4. Hilangnya hak-hak masyarakat adat termasuk hak untuk hidup dan bertahan
sesuai dengan identitas dan keunikan tradisi budaya serta hak untuk menentukan diri sendiri.
Setyadi 2006 menyatakan akomodasi kepentingan masyarakat sering berakar pada konflik penguasaan lahan dan akses atas sumberdaya alam, karenanya
kesepakatan penataan hak masyarakat harus diikuti secara tegas oleh penegakan fungsi taman nasional oleh negara, diikuti dengan pemberian intensif yang adil
sebagai kompetensi atas hilangnya hak dan akses masyarakat akibat penetapan fungsi tersebut.
2.4 Pengelolaan Sumberdaya Laut dan Pembangunan Daerah
Konservasi dan pembangunan seharusnya berjalan harmonis, sehingga yang menjadi fokus adalah melaksanakan pembangunan yang ikut mendukung
peningkatan kualitas lingkungan Soemarwoto 1994. Secara konsepsional, antara Balai TNW dan Pemda Wakatobi menyadari hal tersebut, sehingga kesepakatan
revisi zonasi dan revisi perencanaan jangka panjang TNW maupun RPJP Kabupaten Wakatobi meletakkan pembangunan daerah dan konservasi yang saling menunjang
Balai TNW 2008. Masyarakat merupakan subyek sekaligus obyek dalam pembangunan
sehingga pembangunan seharusnya melibatkan masyarakat dan hasilnya dapat dinikmati oleh masyarakat juga. Kerusakan pada sumberdaya alam di wilayah
pesisir antara lain terumbu karang, penurunan mangrove akibat perubahan penggunaan lahan, kenaikan jumlah nutrisi dan sedimentasi akibat ulah manusia
sebagian besar dipengaruhi oleh kegiatan membangun infrastruktur Dahuri 2003.
Tradisi pengambilan karang sebagai bagian dari kegiatan pembangunan yang dilakukan oleh masyarakat Bajo menjadi permasalahan tersendiri bagi pemerintah,
terutama pengelola TNW. Apalagi kegiatan pembangunan perumahan dengan cara yaang demikian sampai saat ini masih terus berjalan. Padahal menurut Dahuri et al.
1996 ekosistem terumbu karang mempunyai produktivitas organik yang tinggi dan kaya akan keragaman spesies yang dapat memenuhi kebutuhan hidup manusia,
sehingga kerusakan terumbu karang akan menimbulkan efek yang besar. Selanjutnya Mitchell at el 2000 menyatakan bahwa sebenarnya tidak ada masyarakat dan
pemerintah yang sengaja menghambat kelestarian lingkungan mereka, tapi dengan terus berlangsungnya masalah lingkungan yang disebabkan oleh dampak negatif
kegiatan manusia merupakan tanda bahwa keberlanjutan masih diragukan. Peningkatan jumlah penduduk dan intensitas pembangunan paralel dengan
tekanan terhadap lingkungan, terutama di wilayah pesisir. Untuk mengatasi permasalahan itu diperlukan pengelolaan wilayah pesisir dan laut secara terpadu,
karena ekosistem sumberdaya dapat pulih harus dikelola untuk menyediakan hasil pada tingkat berkelanjutan Dahuri et. al 1996.

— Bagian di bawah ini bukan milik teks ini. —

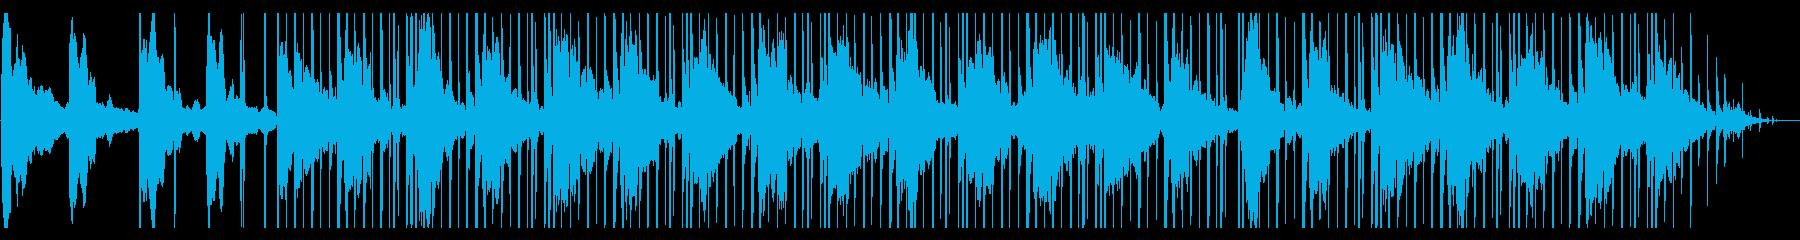 気だるい雰囲気のエレクトロニカの再生済みの波形
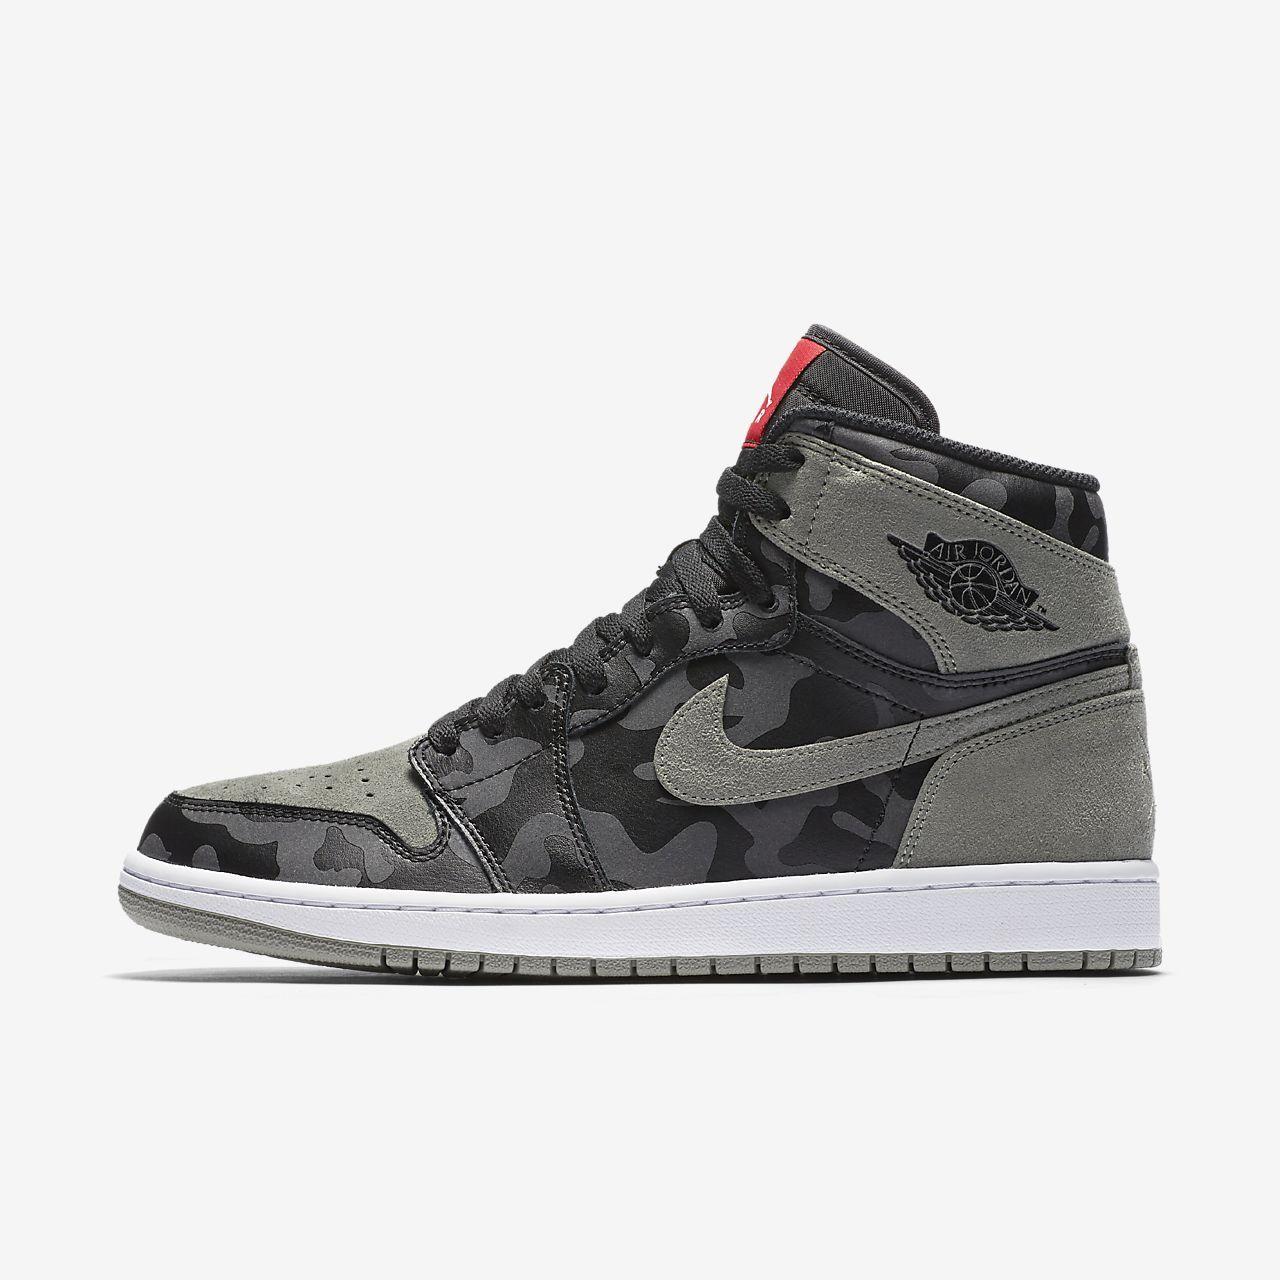 Air Jordan 1 Retro High Premium Men's Shoe | Air Jordan1 in

BAB III GAMBARAN UMUM KAWASAN PENELITIAN
3.2
Letak, Luas dan Batas Administrasi
Taman Nasional Wakatobi TNW secara geografis terletak di antara 5°12 - 6°10 LS dan 123°20 -124°39 BT. Total luas wilayah daratan seluas ± 823 km² dan
wilayah perairan laut diperkirakan seluas ± 18.377,31 km
2
Balai TNW 2008.
Sumber : Balai TNW 2008
Gambar 1 Peta kawasan Taman Nasional Wakatobi. Secara administratif, awalnya Kepulauan Wakatobi termasuk dalam
Kabupaten Buton, Provinsi Sulawesi Tenggara, namun sejak tahun 2004, terbentuk Kabupaten Wakatobi yang merupakan hasil pemekaran dari Kabupaten Buton
dengan letak dan luas yang sama dengan TNW. Batas-batas Kepulauan Wakatobi secara geografis adalah
a. Sebelah Utara berbatasan dengan Laut Banda dan Pulau Buton,
b. Sebelah Timur berbatasan dengan Laut Banda,
c. Sebelah Selatan berbatasan dengan Laut Flores, dan
d. Sebelah Barat berbatasan dengan Pulau Buton dan Laut Flores.